The maps Ecutek have given us make a big difference but it still takes fine tuning on each car, it's the same on Syvecs and I would imagine Cobb as well. Most tuners will set the car up quite rich for safety and with the sheer amount of exhaust gas a high power GTR expels it will always have some un-burnt fuel. Even a tiny % number will equate to a reasonable quantity under high load.

We have just released the latest Ecutek Version 3 software so if any customers have a soot problem we can look at it at the same time as the update.

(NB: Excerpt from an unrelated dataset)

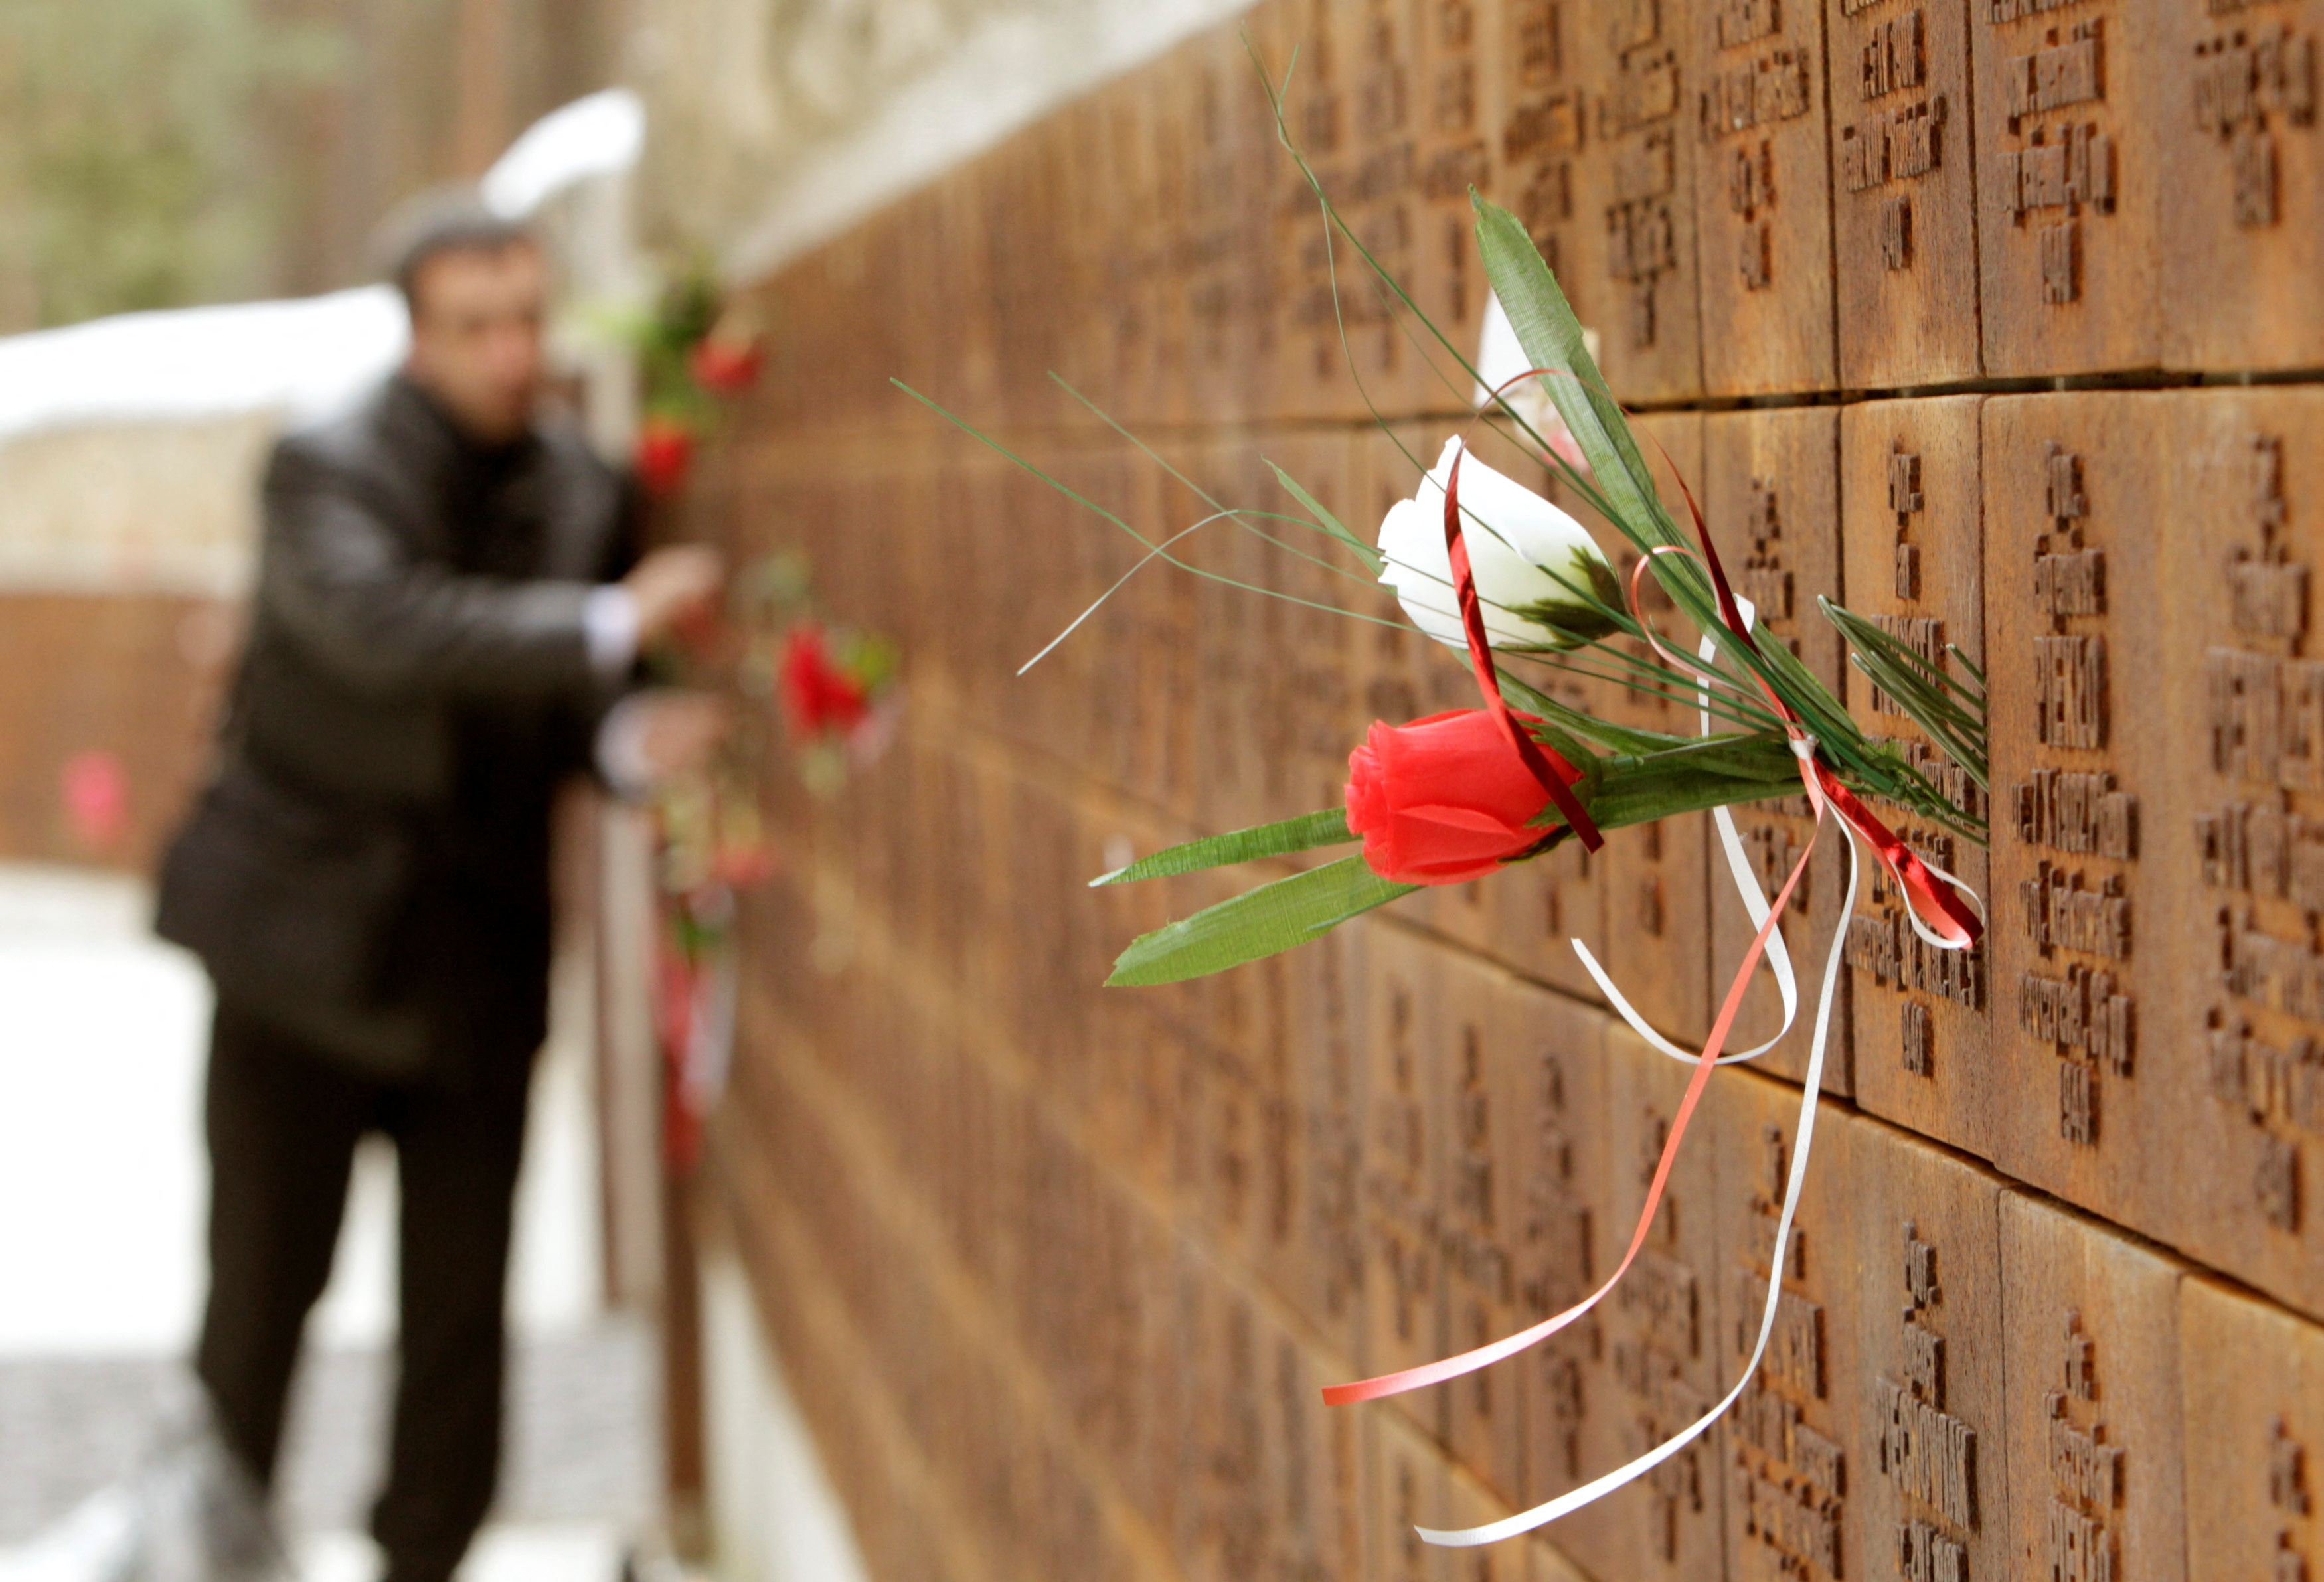 A man puts flowers into a wall with names of killed Polish officers during a commemoration ceremony at a memorial complex in Katyn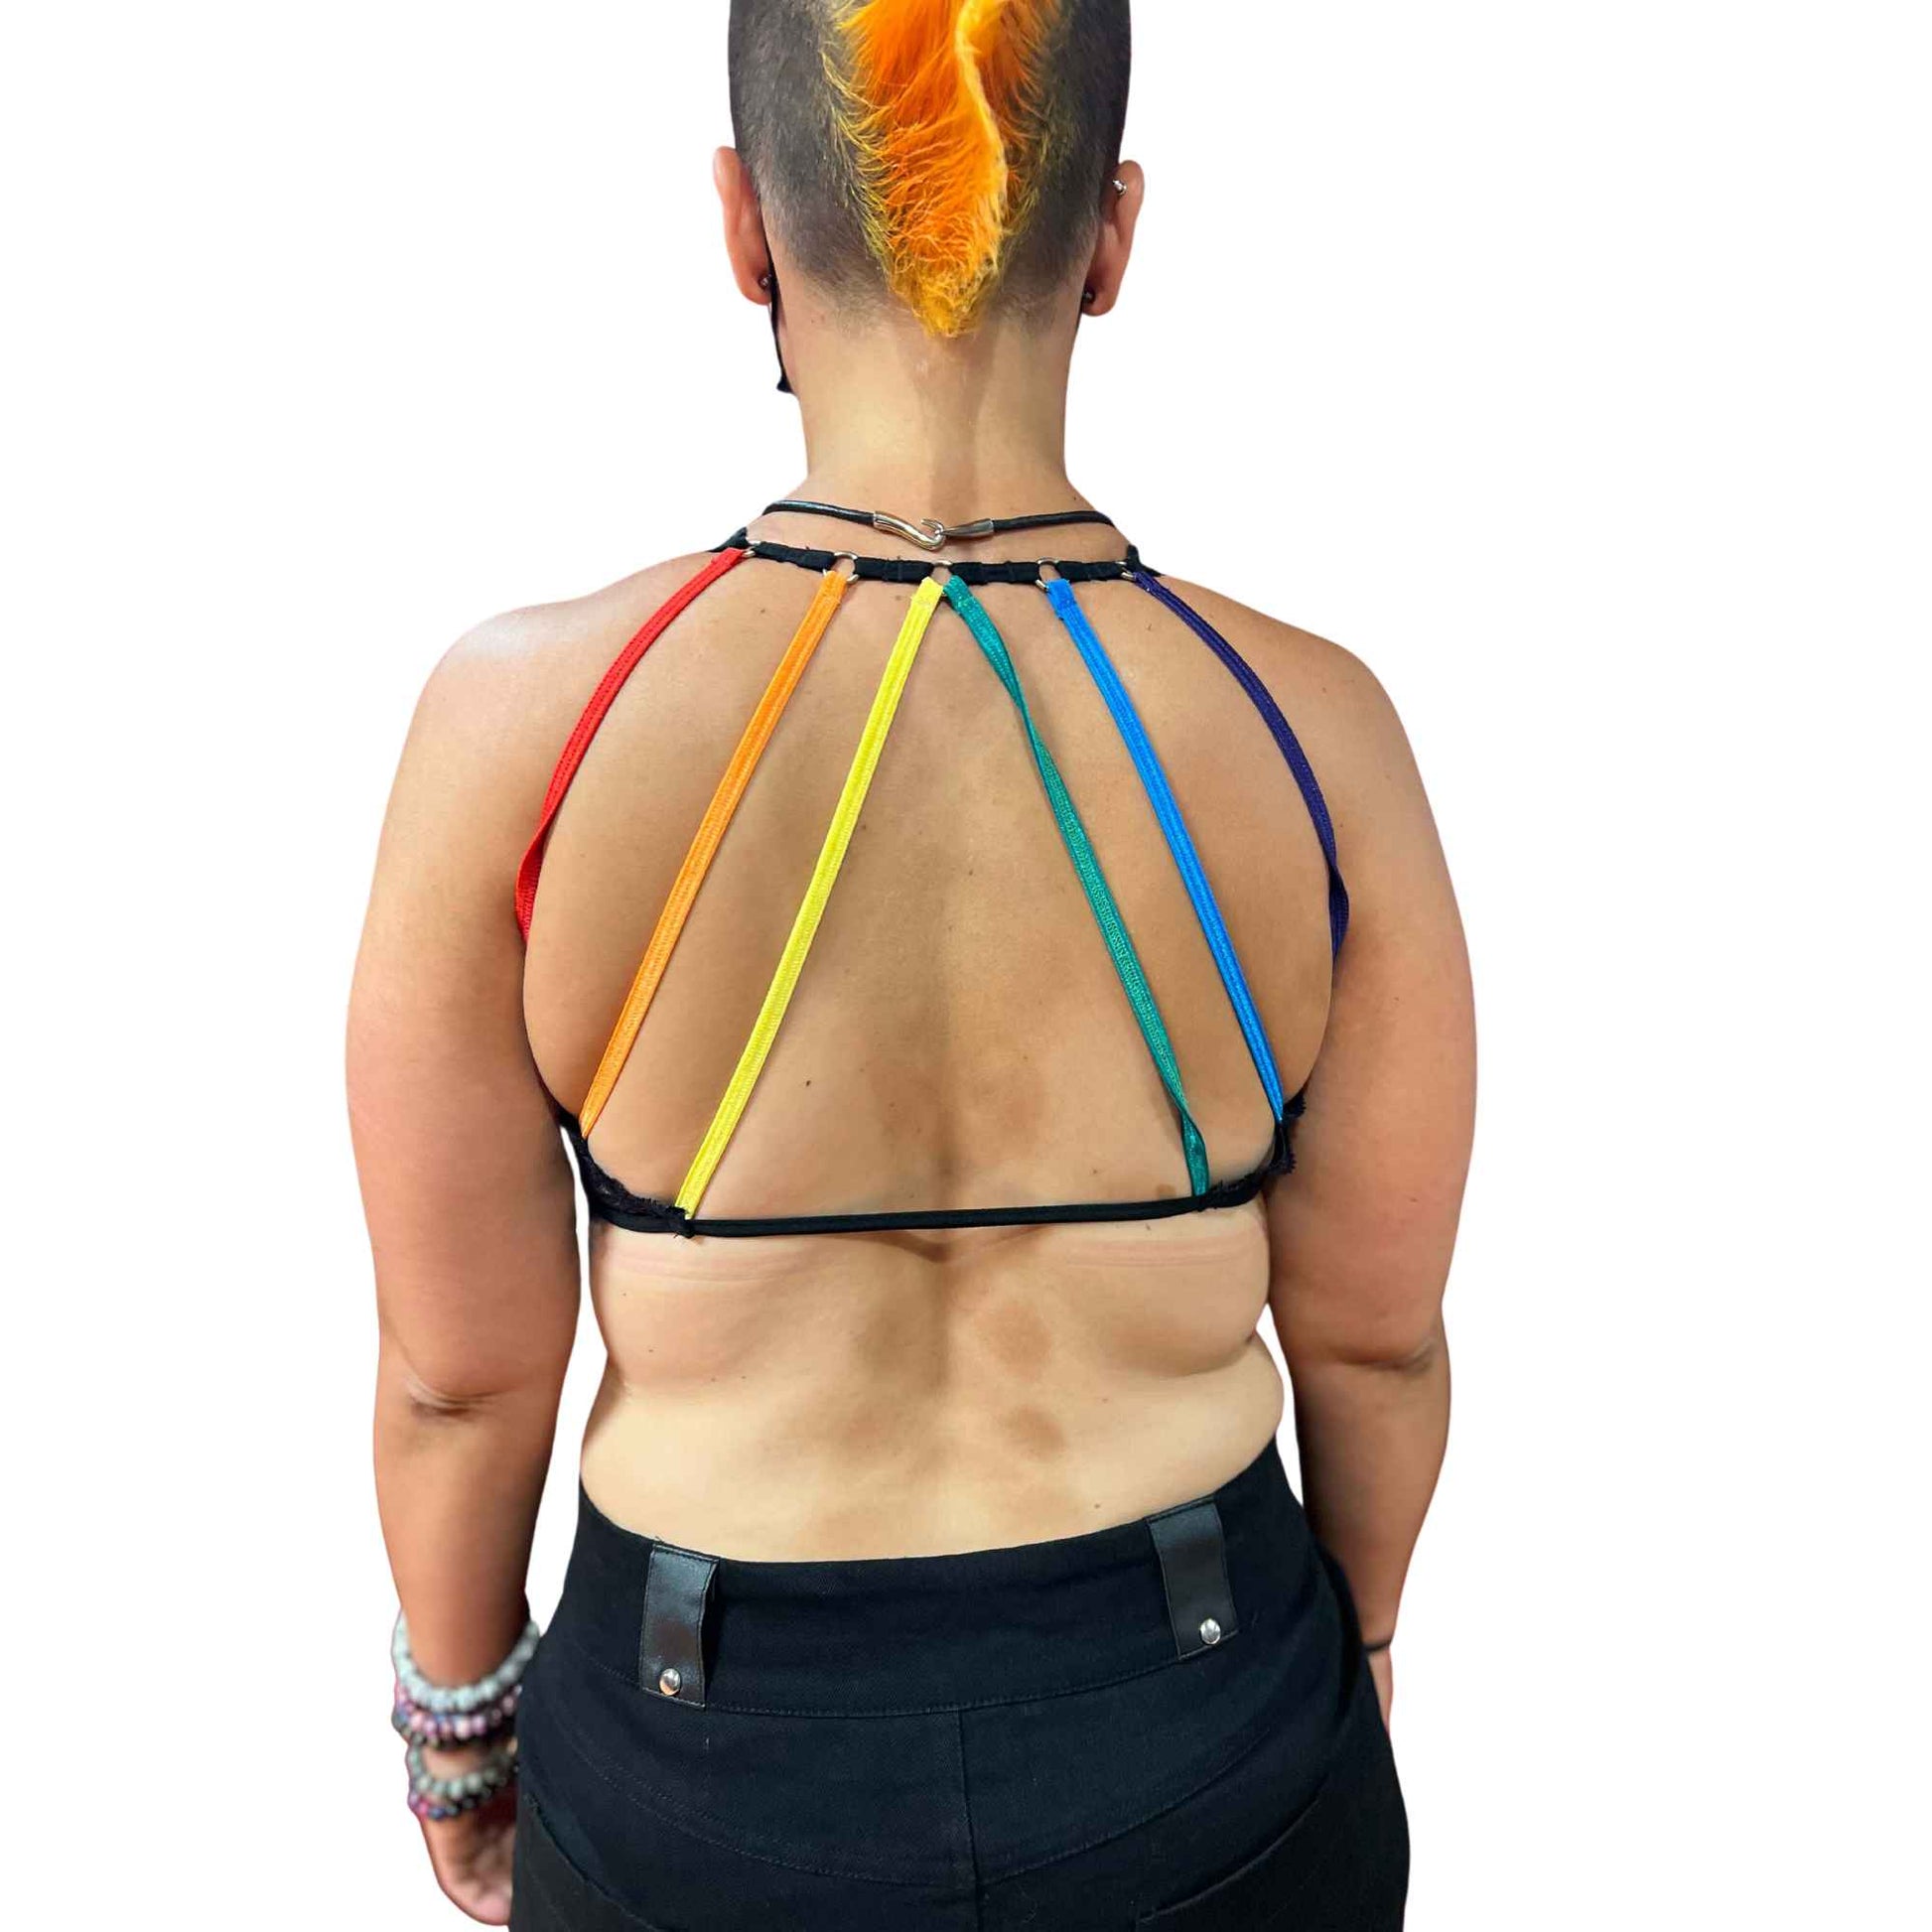 A model wearing the rainbow pride lace lace strap bra, rear view.

Feel free to call with any questions 

Regards

Iain


----------



## Protegimus (Aug 31, 2011)

Looking forward to Friday and the update!

Protegimus


----------



## Tigerruss (Sep 5, 2008)

Thanks Iain. Good to hear new software has been released. Will look forward to latest version and reduction in soot with a little tweaking magic from you, when I'm in for my service next week.


----------



## mindlessoath (Nov 30, 2007)

> How is it that so many of people can be convinced that the injector is the problem? There are many things that go into achieving the same clean/quick crank to run strategy the factory tuning provided. The first start of the day is in a dry port and the prime pulse(to wet the port) and the cranking injector pulsewidth must be adjusted to get things correct. I've read comments on here from black smoke to fuel mileage on this board all pointing at the ID1000. I've tuned countless amounts of ID1000 injectors, it's a great nozzle the delivers great consistency over the 1000cc injectors of yesterday.
> 
> As far as the injector itself it's a fairly "dumb" device. The ECU requests a pulsewidth or injection time and the injector is supplied a ground for that amount of time and fuel passes through it. If that injection time isn't correct you get unhappy customers and the last thing a "tuner" is going to say is he just can't make it any better. It's a ego driven game guys, mix that up with one line having more margin than others and you get vendors/tuners pushing misinformation around to make money. In regards to the fuel system itself it may not be a horrible idea to look at how the tank is vented and how much heat you're making moving all the fuel in a circle over and over. It's very possible to drive a fuel system into "vapor lock" when you're pumping 800 lbs/hr of fuel around. This can cause that long cranking period after the vehicle sits hot for 10-20 minutes after a long drive.
> 
> ...


Here is a quote i found. thought it was pretty spot on


----------



## saucyboy (Nov 1, 2009)

Interesting read mate. Thanks for sharing.


----------



## Anders_R35 (Jul 20, 2011)

Interesting read, but posted by a new GTR Life user with 5 posts so difficult to know if he's a an independent party or ID employee...


----------



## mindlessoath (Nov 30, 2007)

really? honestly its all tuning. get a tune by someone that knows how. to get rid of the soot.


----------



## Taven888 (Mar 30, 2011)

As above , its all in the map. Rushed map be the course. And dyno mapping. Get the lamba in, get the laptop, get ya sen out on the road.


----------